Unfortunately, my question in the lobby didn't snag the attention of the DB expert that is a mod and RO there, so I'll try one more shot here as I'm actively tearing my system apart once again for this and I hope I get the foundations right this time :)
Opinion poll time: I have a DB table tracking orders and their status codes (let's say there could be 10 different status codes). Some of those codes could be considered "complete". Do I have a single table tracking orders and have an "is_complete" Bool column that is indexed, or do I move those orders out of the main table into a different "historical" orders table?
My feeling is that it should be a single table since my "is_complete" criteria could change at any time if I add more status codes, but that's not how I've seen it set up in other places in the past. Now I'm confused about why they decided to move "complete" orders out of the main table. Perhaps indexing on a bool column isn't very efficient so it's better just to not have them in a table scan at all?
The backend solver only cares about anything "is_complete = False". The frontend will always want an uninterrupted history of all orders
I can see stuff like this that says cardinality is shot on indexing a bool value but, at the same time, it's a massive differentiator in a search tree; it'd be the biggest predicate condition I could imagine
I'm wondering whether I'm conflating two different things. Perhaps it is better to keep it all in a single table, but just get rid of the actual index on the bool state
So, an archive, basically. I think you've helped me to a solution - keep the last 12 months in the active table and then just push to archive. It makes a neat delineation where I don't have to bother with JOIN etc. in every query
Around here we track meta data of compute tasks for monthly aggregates. So the current month stuff is always needed and in the DB. But older stuff might still be needed for recalculations or reprocessing; so we have 2-3 months worth of data in the DB in case someone down the line finds an error in reports. Everything older is unlikely to be needed, so it gets dumped to archive files regularly.

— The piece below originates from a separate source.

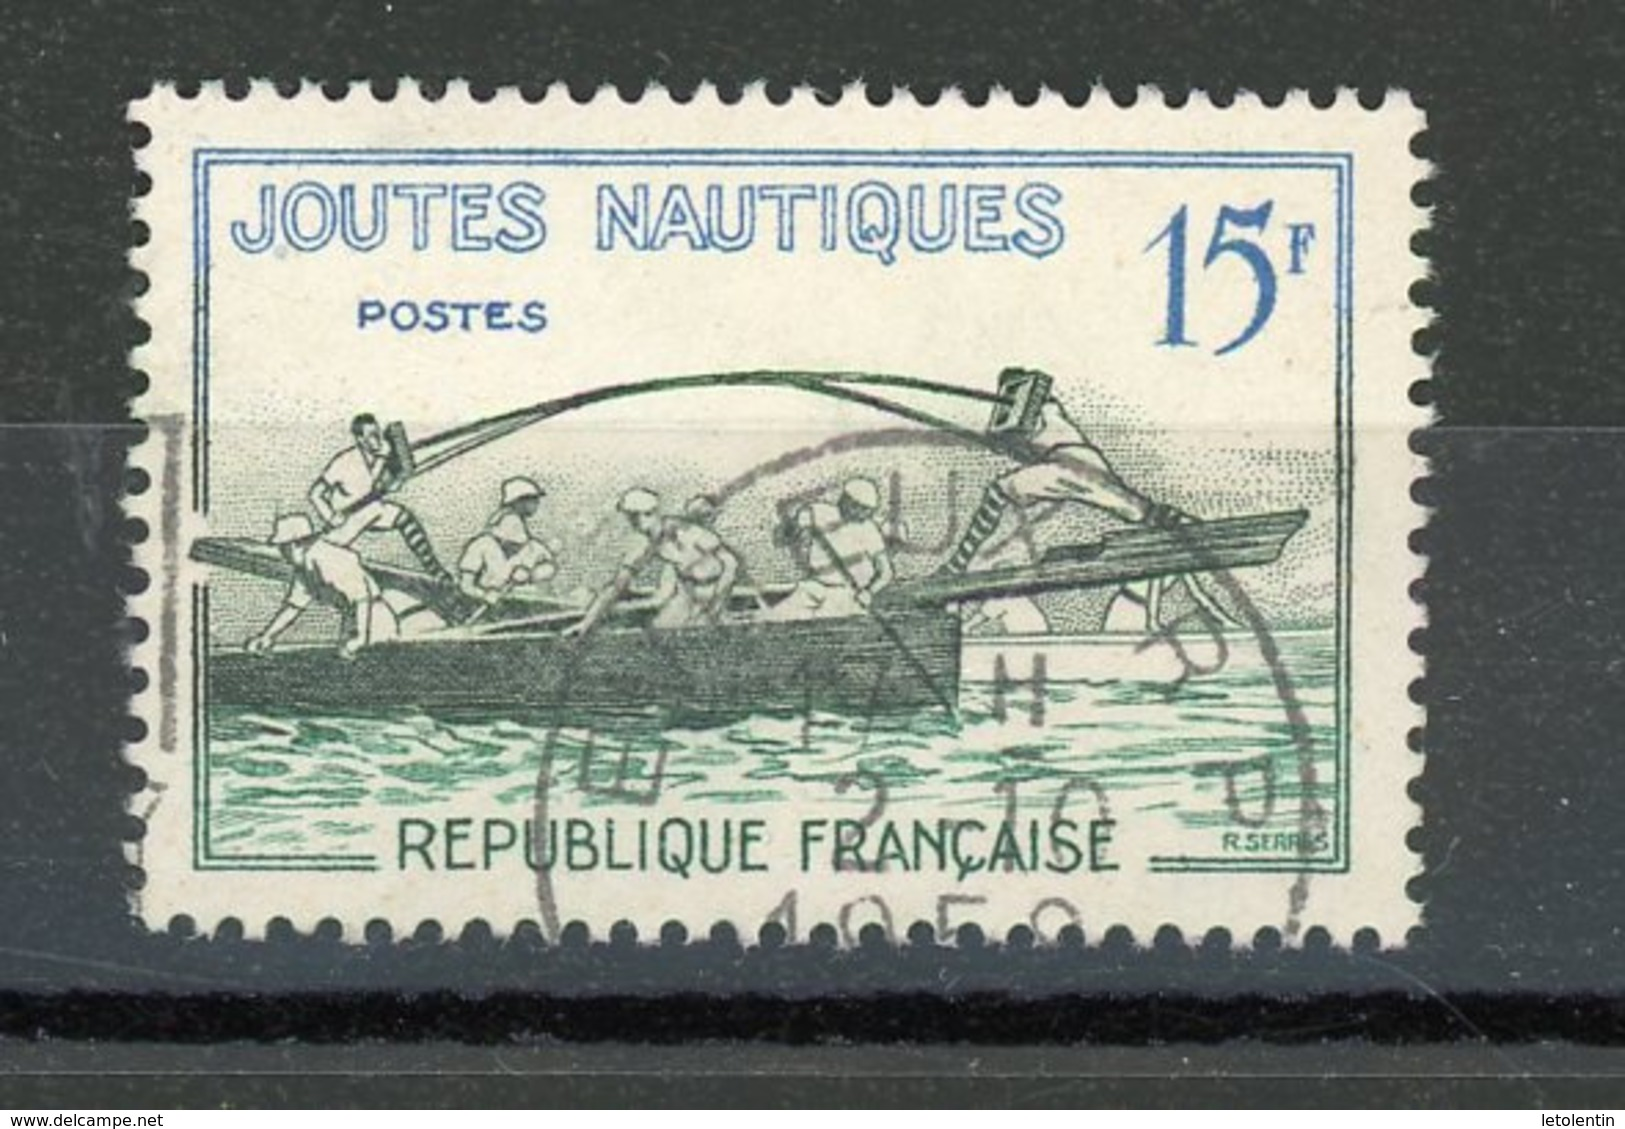 FRANCE - JOUTES NAUTIQUES - N° Yvert 1162 Obli. Ronde De EVREUX 1958 - France

@roganjosh I have reclaimed the conjecscore throne! When/if you get less busy with work, i've got a lot of cool ideas about conway's 99 conjecture. I also have another open conjecture that can be gamified I think.
When I'm less busy with work... aha. ahahaha. ahahahaha. I've literally staked everything I've got against my project now; I have a meeting with the accountant tomorrow to keep me afloat for the next year. I'm sink or swim at this point, mate :) I'm still curious about your new approach, though. I think you have 2 githubs and I only had a link to one?
@roganjosh
Oh I haven't pushed to github yet. The idea is that if you only flip one edge, you don't have to check the score of every pair of vertices. The loop goes down from 4851 iterations to 99.
Sorry to hear about work. I hope it gets better soon!
I don't think I'll get another opportunity to do something like it again. Because I was a contractor, most of my money is actually in a business account. I can release some as a divident to keep me going for at least a year, but that's cash burn so I better be making money before that dries up!
also, i might be able to incorporate some stuff from this question: math.stackexchange.com/q/5108418/15140 to make the conway program even better, but I have yet to do so...
i have code in place for another open problem called Magic Square of Squares too. I just need to do some database migrations but idk what I'm doing with database migrations lol.